Sunday, September 11, 4:00 pm: On the ten-year anniversary of 9/11, we remember the tragic events and where we were on that day. This collective memory, shared around the world, is being reflected in the 9/11 Memorial and Museum. Jake Barton of Local Projects will discuss the creation of the media design for the 9/11 Memorial Museum, the Memorial Guide digital wayfinding and storytelling apps, and an algorithm developed to help in the arrangement of names of those honored by the Memorial. BMW Guggenheim Lab, First Park, Second Avenue and Houston Street, NY, NY.

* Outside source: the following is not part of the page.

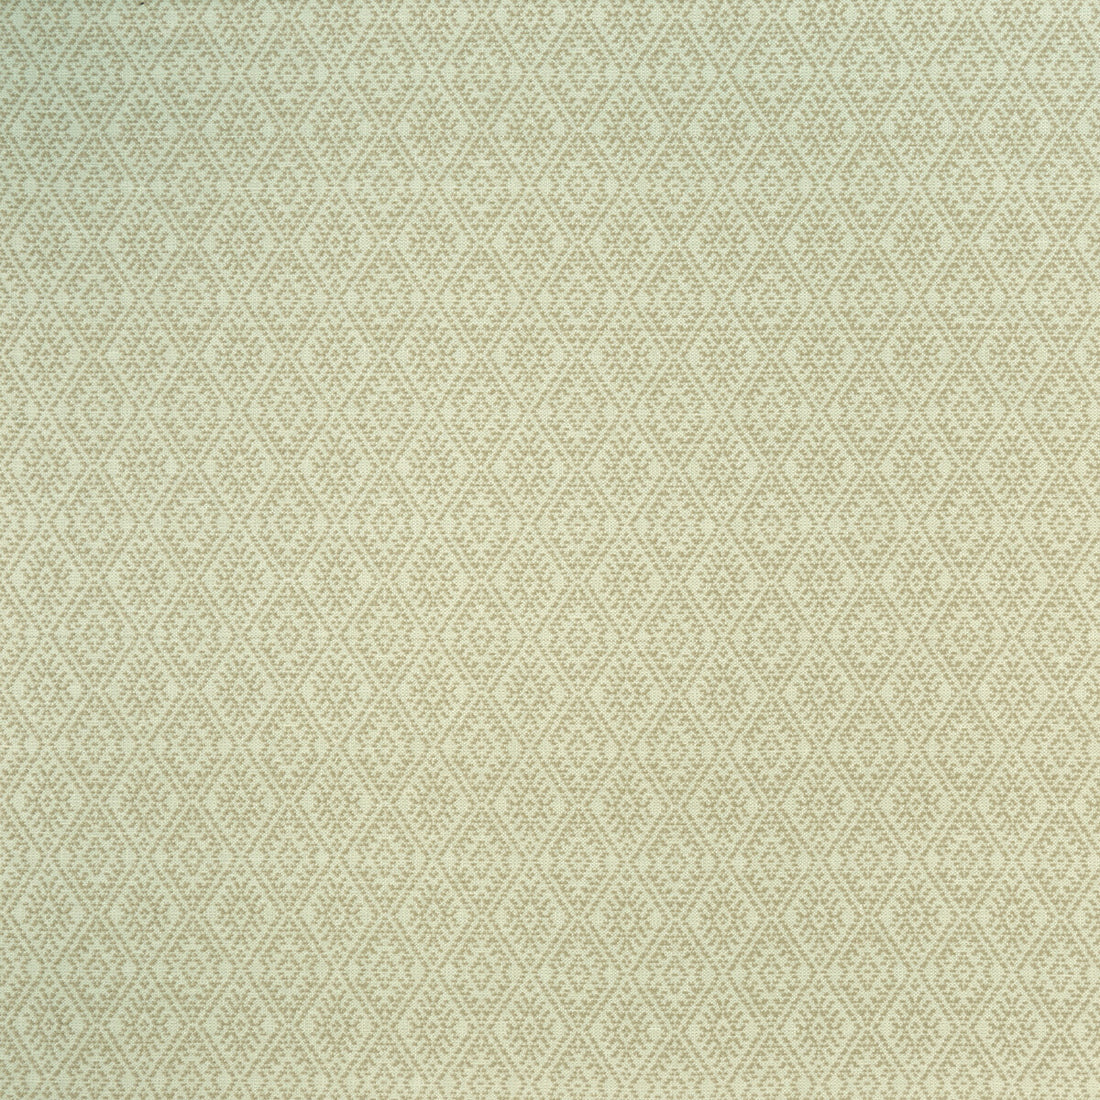 Hampstead fabric in natural color - pattern F1005/04.CAC.0 - by Clarke And Clarke in the Clarke &amp; Clarke Halcyon collection

Thursday, September 15-Sunday, September 18 and Thursday, September 22-Sunday, September 25: stillspotting nyc: manhattan. Arvo Part and Snohetta. For the second edition of stillspotting nyc, a two-year multidisciplinary project that takes the Guggenheim Museum’s programming out into the streets of New York City’s boroughs, Estonian composer Arvo Pärt and U.S. and Norway–based architecture firm Snøhetta create urban soundscapes around Lower Manhattan that explore the relationship between space and sound. Various locations in Lower Manhattan. The Guggenheim Museum in collaboration with the Spatial Information Design Lab (Columbia University) and the Photography, Video, and Related Media Program (School of Visual Arts). Information.